» TASK OBJECTIVE: Take the lines below from the one with "Security camera on" through the one with "VIDEO Steaua rămîne" and retype them exactly. Include nothing else, and no pictures.

» MATERIAL FOR THIS TASK:
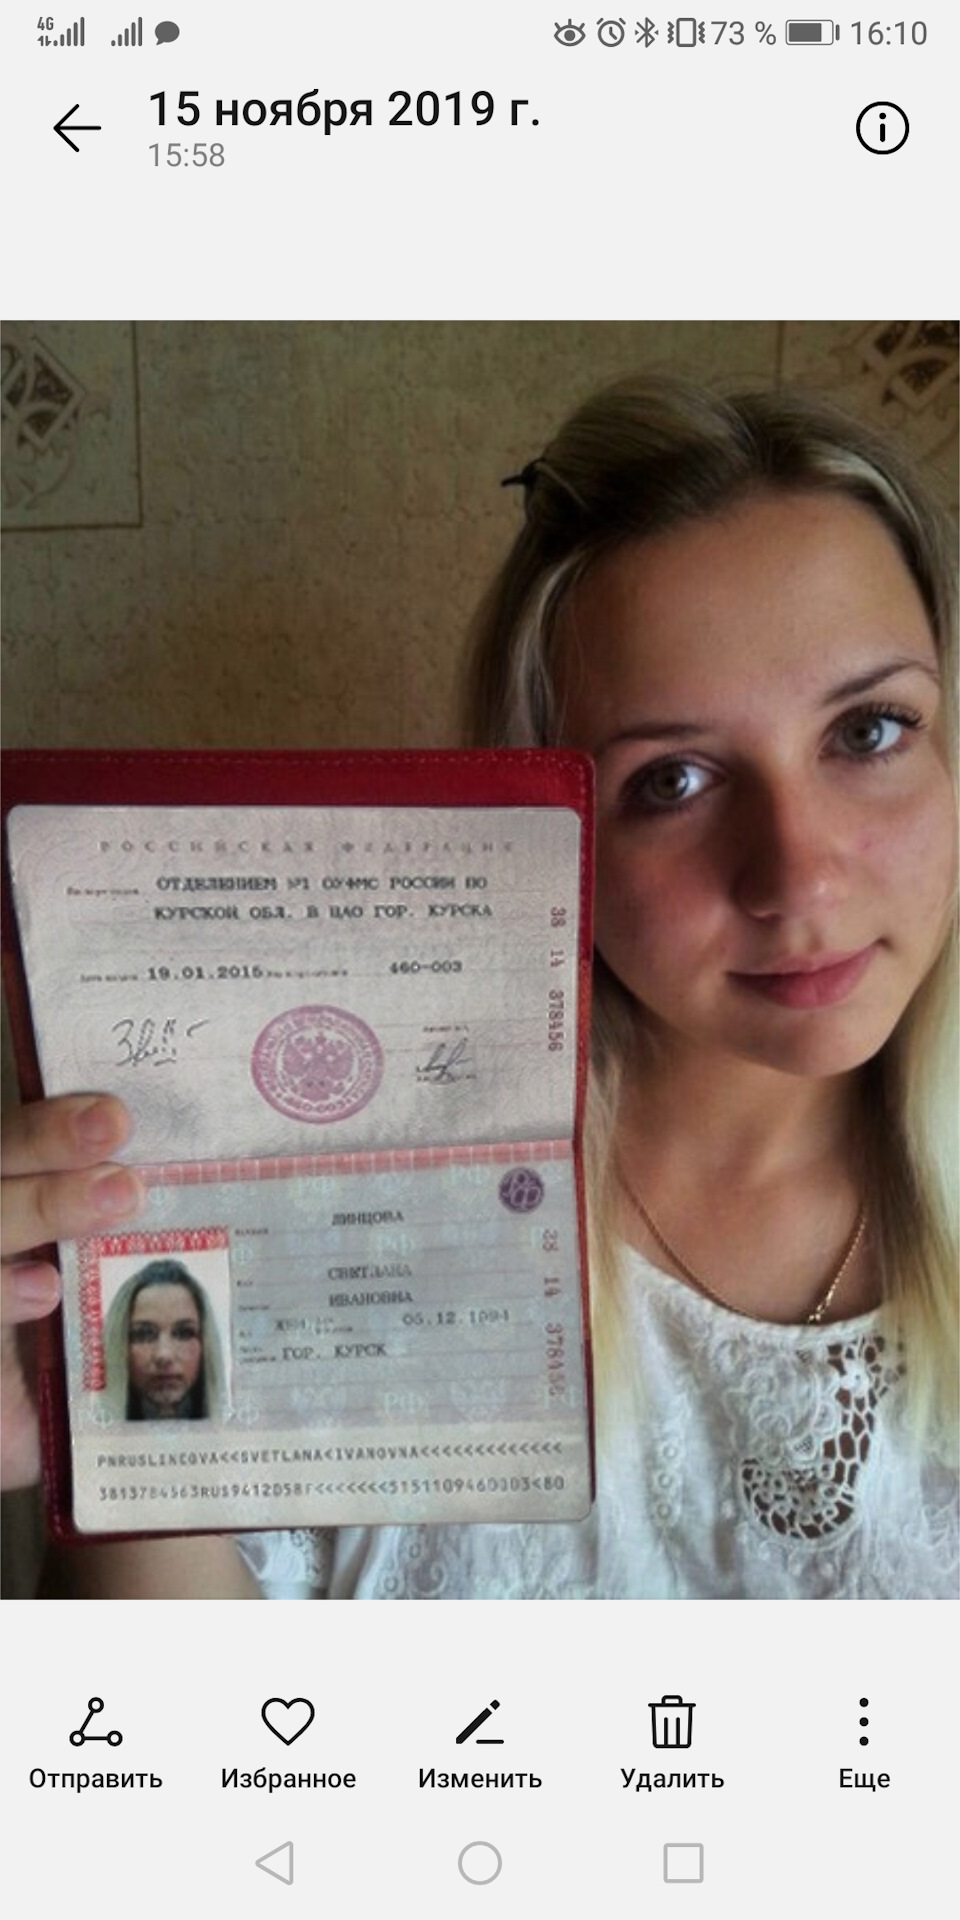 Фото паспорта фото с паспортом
--
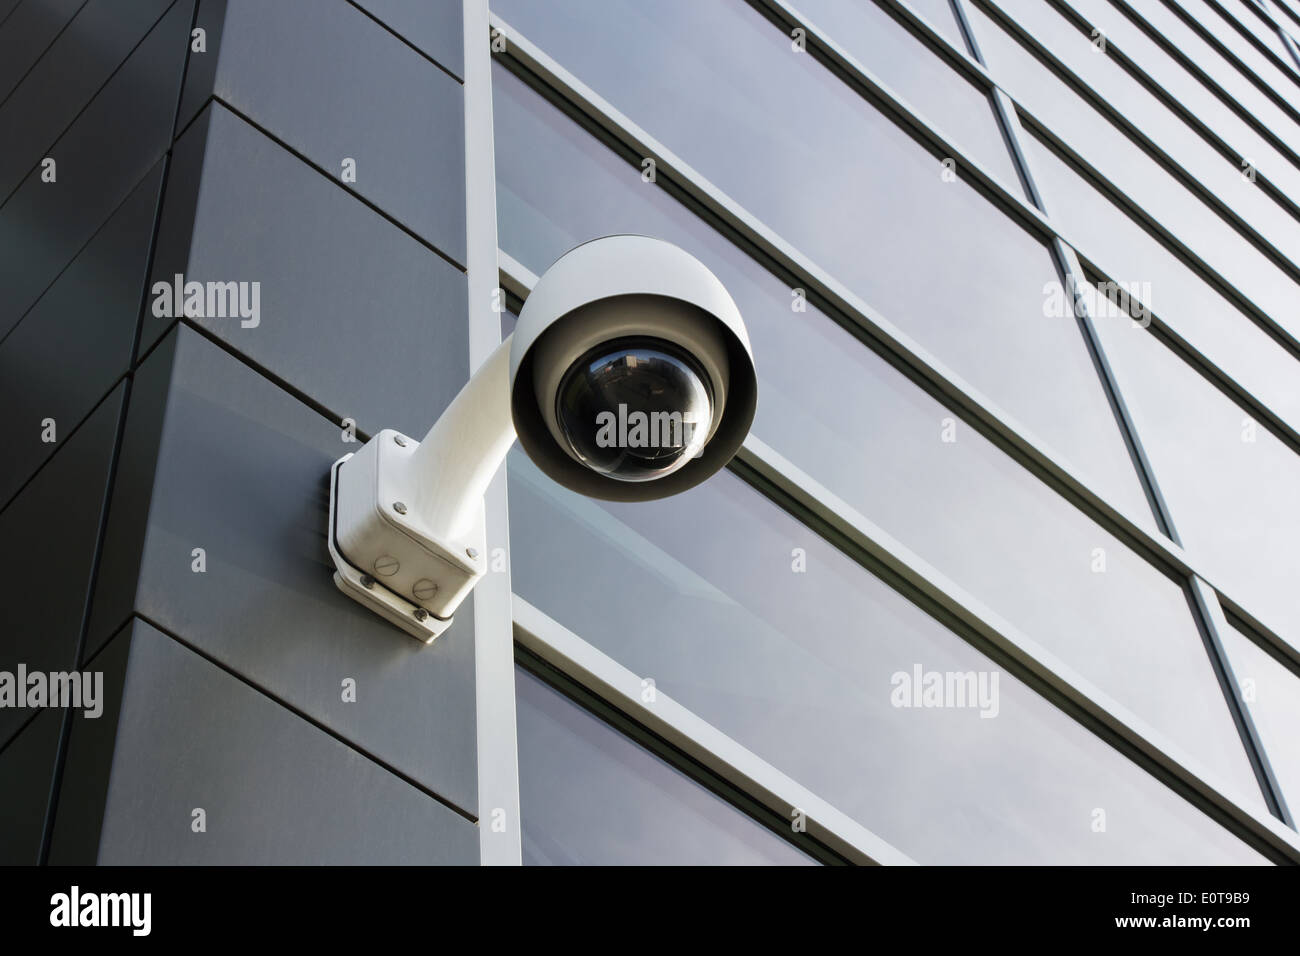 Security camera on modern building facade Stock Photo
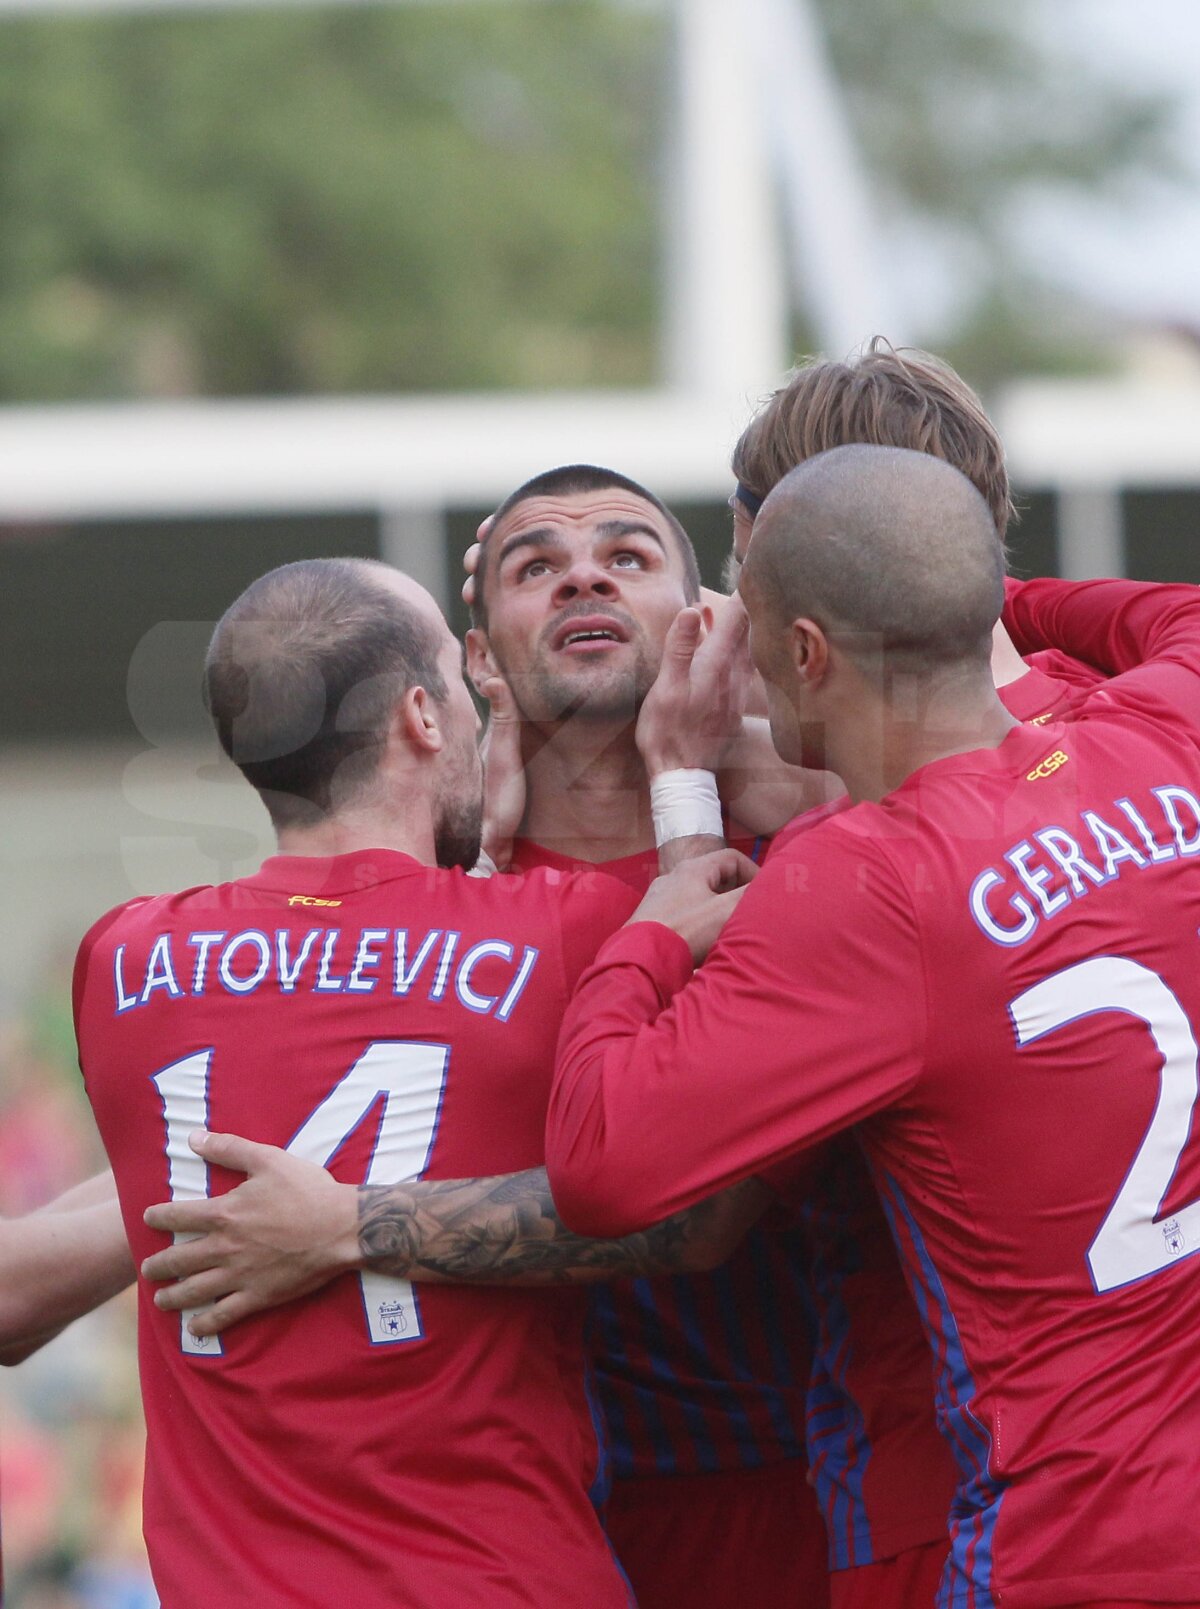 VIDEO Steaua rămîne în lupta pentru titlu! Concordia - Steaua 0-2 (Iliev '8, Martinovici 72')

» SOLUTION TO THIS TASK:
 Security camera on modern building facade Stock Photo
 VIDEO Steaua rămîne în lupta pentru titlu! Concordia - Steaua 0-2 (Iliev '8, Martinovici 72')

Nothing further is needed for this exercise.